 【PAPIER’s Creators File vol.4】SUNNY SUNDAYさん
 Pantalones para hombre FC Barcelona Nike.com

····················

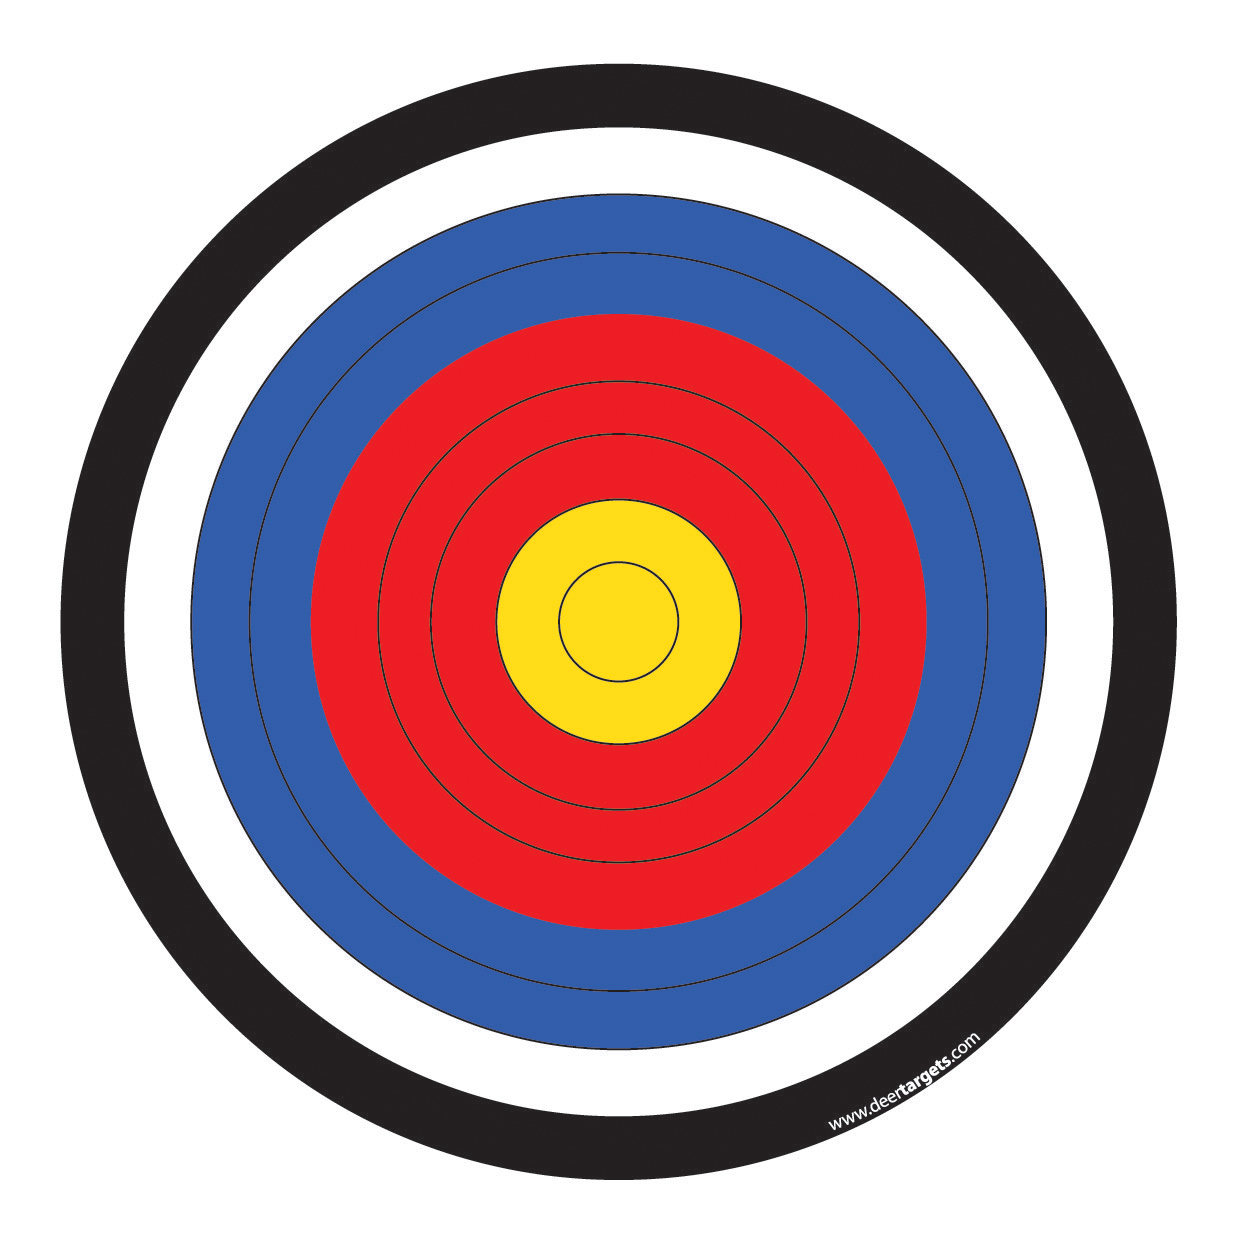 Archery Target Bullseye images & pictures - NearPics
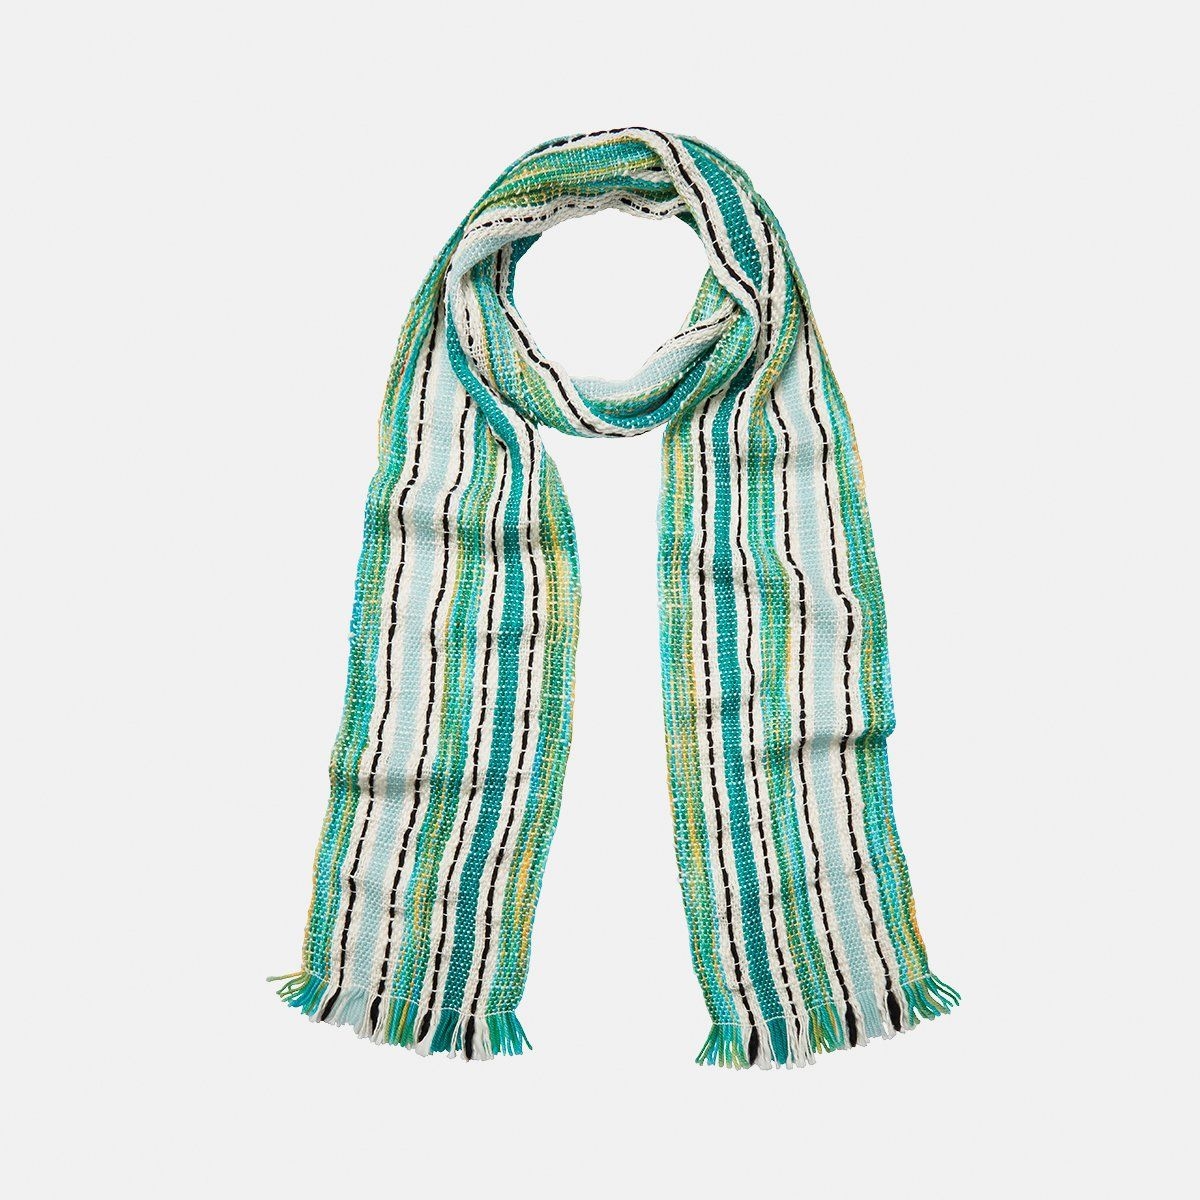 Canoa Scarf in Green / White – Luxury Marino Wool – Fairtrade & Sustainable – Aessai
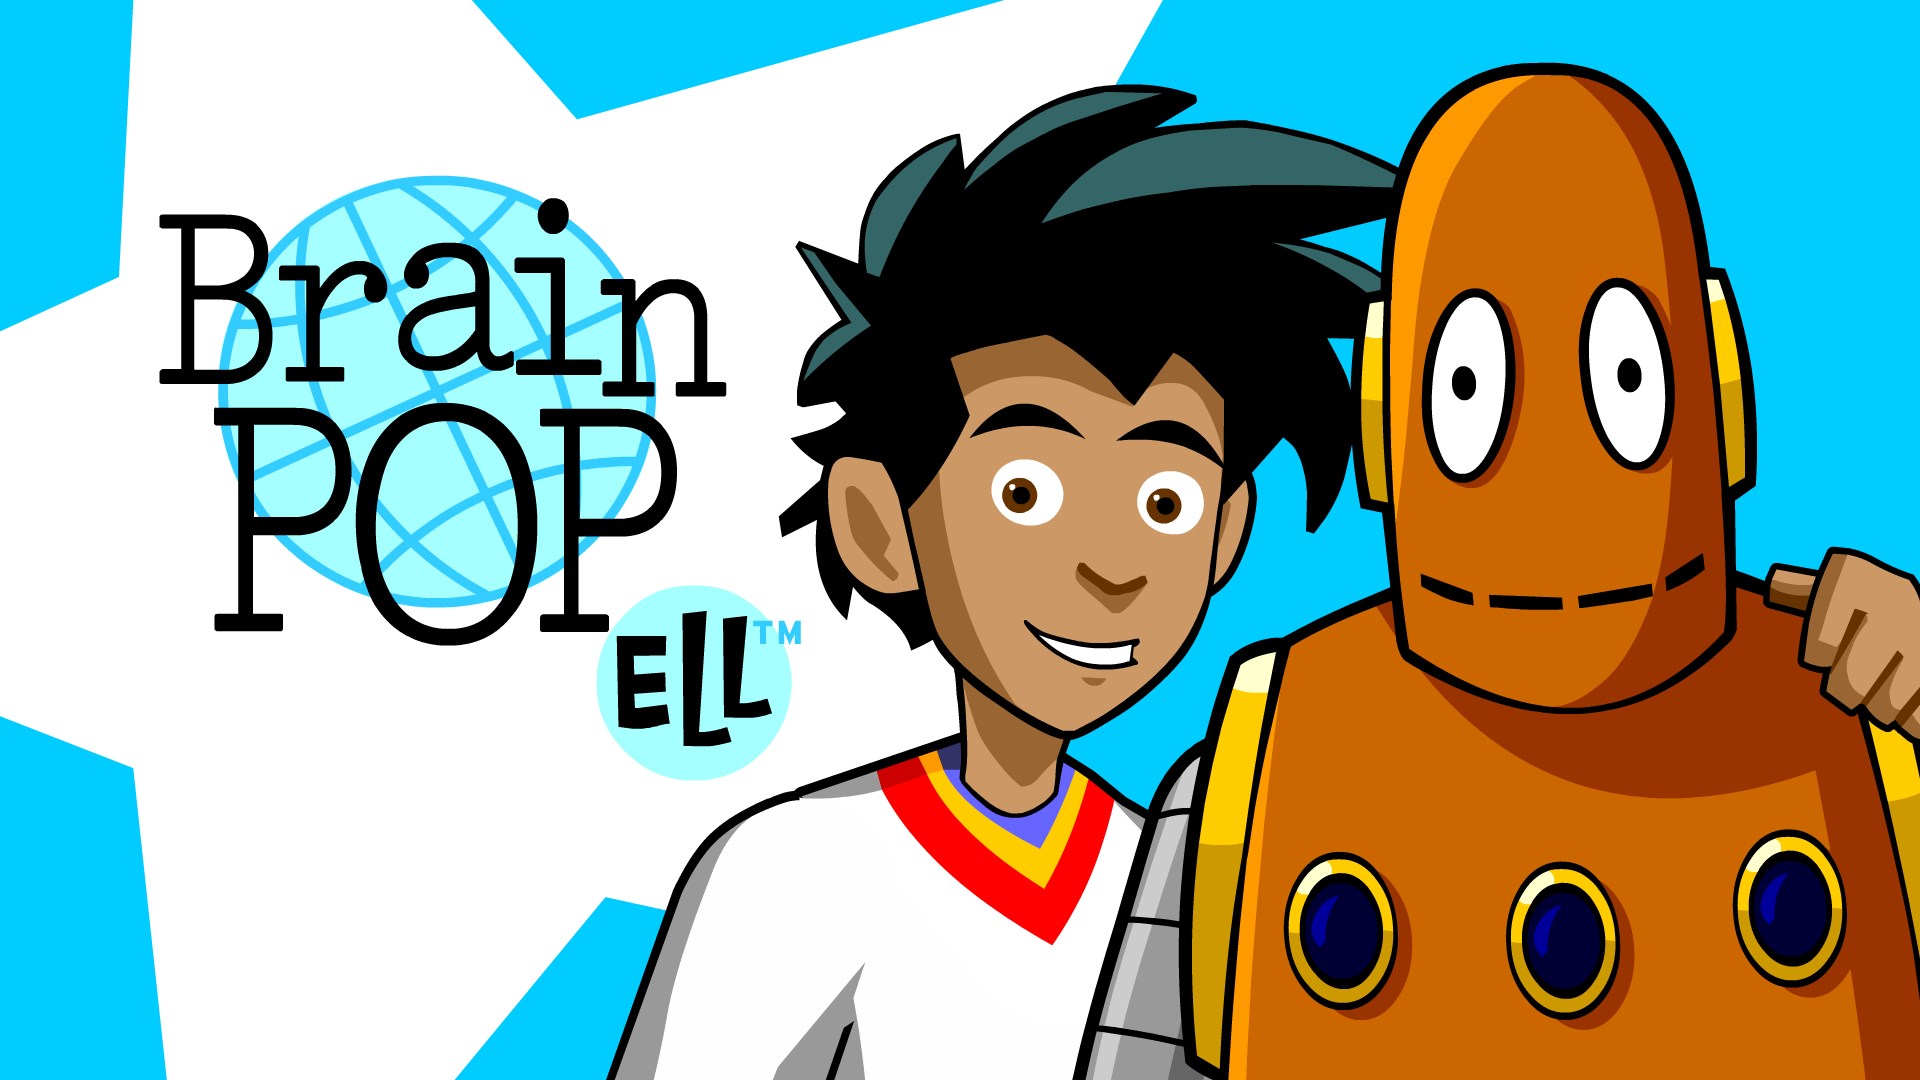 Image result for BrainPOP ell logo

····················

- _Problem description_
Although the records above contain pictures, the copy must not; set down exactly the lines from the one with "Archery Target Bullseye" up to and including the one with "Image result for BrainPOP ell logo".

- _Result_
 Archery Target Bullseye images & pictures - NearPics
 Canoa Scarf in Green / White – Luxury Marino Wool – Fairtrade & Sustainable – Aessai
 Image result for BrainPOP ell logo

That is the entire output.